122 Dahlen a aussi mené une théorisation ancrée straussienne auprès de dix-neuf primipares, rencontrées à domicile six semaines après l’accouchement (hospitalier ou à domicile). Là encore, plusieurs résultats sont similaires, notamment le processus central identifié, soit de réagir à

l’inconnu. (Dahlen, Barclay & Homer, 2010a; Dahlen, Barclay & Homer, 2010b) Une première

réaction est de choisir un niveau de responsabilité selon certains facteurs médiateurs diminuant la peur, soit : la préparation, le choix et leur sentiment de contrôle, l’information et la communication, et le soutien d’une personne de confiance. On y observe que les femmes accouchant à l’hôpital tendent à vouloir laisser plus de responsabilités aux soignants, alors que celles à domicile se préparent plus, font plus de choix et sont plus en contrôle. Puis, c’est de réagir à la force du travail, c’est-à-dire à cette force puissante qui s’empare des femmes dans une expérience intense, souvent douloureuse. Alors que certaines s’y abandonnent facilement, autant à son pouvoir qu’à la manière primitive à laquelle elles y répondent, d’autres la combattent, cette force les rendant confuses, terrifiées, voire même qui les embarrassent. Ces réactions, mais aussi le fait de ne pas pouvoir s’ajuster à un accouchement très différent à ses attentes, amènent la femme à respectivement se connecter ou se déconnecter (notamment avec l’épidurale) du travail, mais aussi de l’enfant. De plus, cette réaction déterminerait si l’expérience d’accouchement est vécue comme une expérience de pouvoir (empowering) ou de trauma.

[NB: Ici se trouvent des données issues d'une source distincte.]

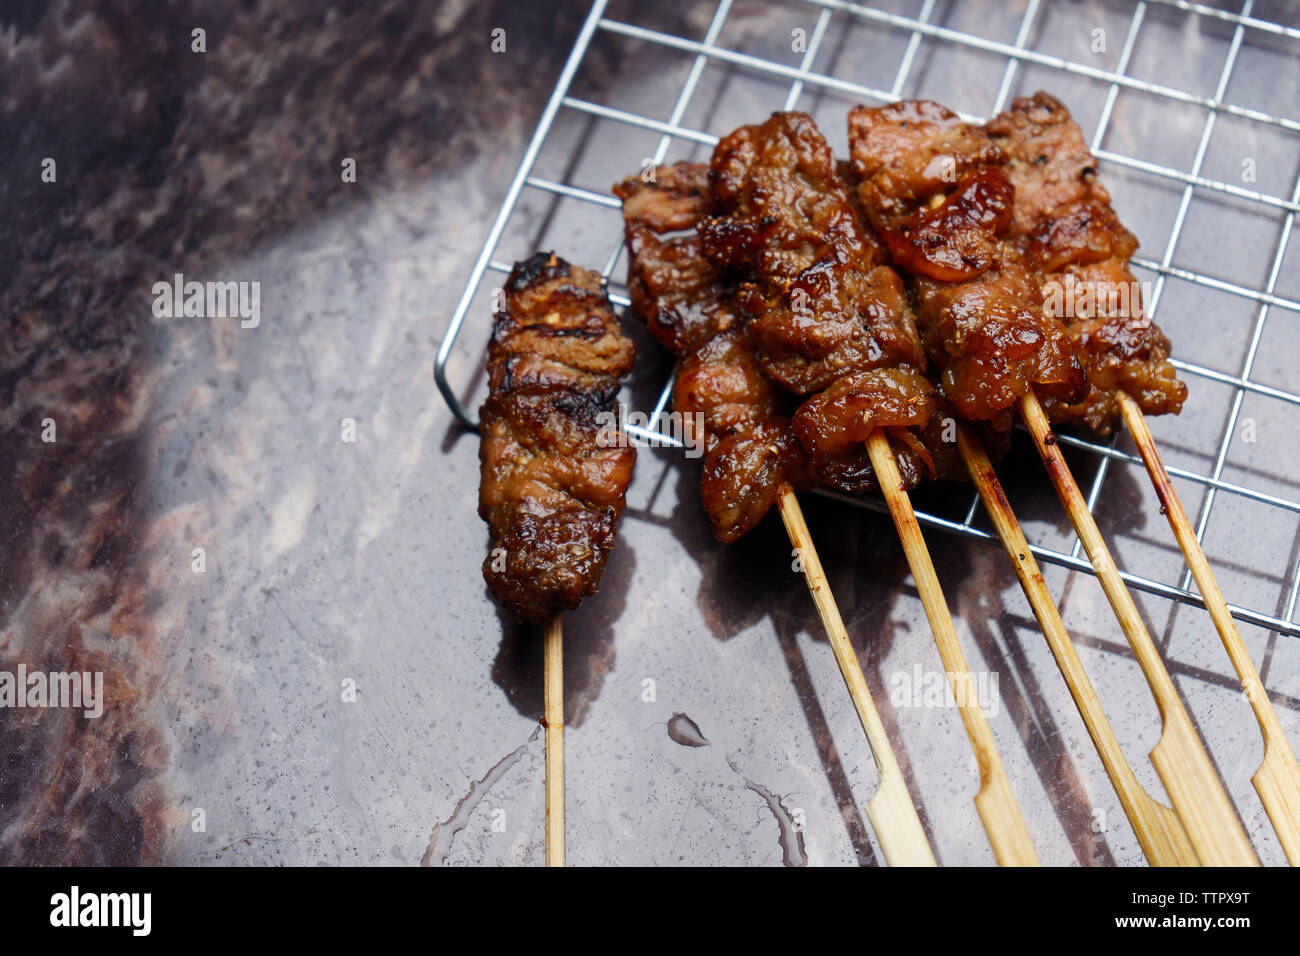 High angle view of grilled meats in skewers on metal grate over table Stock Photo

Comme mon étude, ces recherches s’articulent autour de l’inconnu de l’accouchement, le liant indirectement à la question de l’épidurale :

1. L’accouchement est un inconnu, communément associé à de la peur (peur de l’inconnu); 2. Ceci suscite l’adoption de différentes stratégies selon les femmes en prénatal selon le

niveau de responsabilité choisi (stratégies anténatales);

3. Les femmes réagissent aussi différemment lorsqu’elles en font l’expérience pendant l’accouchement, notamment en utilisant l’épidurale (réactions per partum);

4. Ces différentes stratégies et réactions amènent à se connecter ou déconnecter de l’expérience (conséquence immédiate de (dé)connexion); et

5. Cette expérience peut être vécue comme me redonnant du pouvoir (empowering) ou étant traumatisante (conséquence expérientielle).

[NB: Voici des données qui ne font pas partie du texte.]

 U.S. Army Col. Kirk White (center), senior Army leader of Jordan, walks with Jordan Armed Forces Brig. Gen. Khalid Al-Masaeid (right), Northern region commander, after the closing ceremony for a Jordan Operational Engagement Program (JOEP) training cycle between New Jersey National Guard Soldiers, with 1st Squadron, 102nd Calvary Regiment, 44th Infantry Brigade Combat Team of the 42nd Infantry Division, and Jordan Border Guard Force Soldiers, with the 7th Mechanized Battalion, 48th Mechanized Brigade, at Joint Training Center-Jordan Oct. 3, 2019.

Ces constats ne répondent toutefois pas à la question sous-entendue : comment expliquer les différences entre les femmes en termes de stratégies, de réactions et d’expériences face à cet

123 inconnu, touchant notamment la question de l’épidurale? L’angle de la qualité de la relation de soins, suggérée dans ces deux recherches, demeure une lecture insuffisante : si la critique de la médicalisation de la naissance est nécessaire, elle ne doit pas se faire aux dépens de la question plus large et profonde de la spiritualité, moins abordée. (Possamai-Inesedy, 2009)

L’enjeu de la spiritualité émerge de la tension décisionnelle/existentielle, dans laquelle l’inconnu de l’accouchement introduit les femmes. Existentielle puisqu’engendrant le questionnement, voire l’angoisse métaphysique. Si toute situation-limite peut susciter cette tension, l’accouchement comporte un paradoxe inhérent qui en a fait un objet de métaphore de la crise existentielle utilisé depuis longtemps (Bergmann, 2008; Stovell, 2012). Ainsi, si l’on cherche normalement à éviter l’inconnu et la souffrance qui l’accompagne, dans l’accouchement, on le désire: ‘women who want

the experience of childbirth are in the curious position of desiring the unknown’ (Greer 1984, cité

par Borrelli et collab., 2018). C’est un rendez-vous programmé de situation-limite, un moment de « peur-excitation » (Bélanger-Lévesque, 2012). Cette tension est aussi décisionnelle puisque déterminante, comme nous le verrons, autant pour le choix face à l’épidurale que pour l’expérience du processus spirituel. Une analyse avec un cadre conceptuel de la spiritualité est ainsi pertinente, car elle jette un éclairage nouveau sur l’inconnu de l’accouchement afin de mieux comprendre la souffrance qui peut y être vécue, mais aussi l’expérience transformatrice: il s’agit, comme le nomme la participante Caroline, d’oser parler de l’expérience intérieure et inconnue.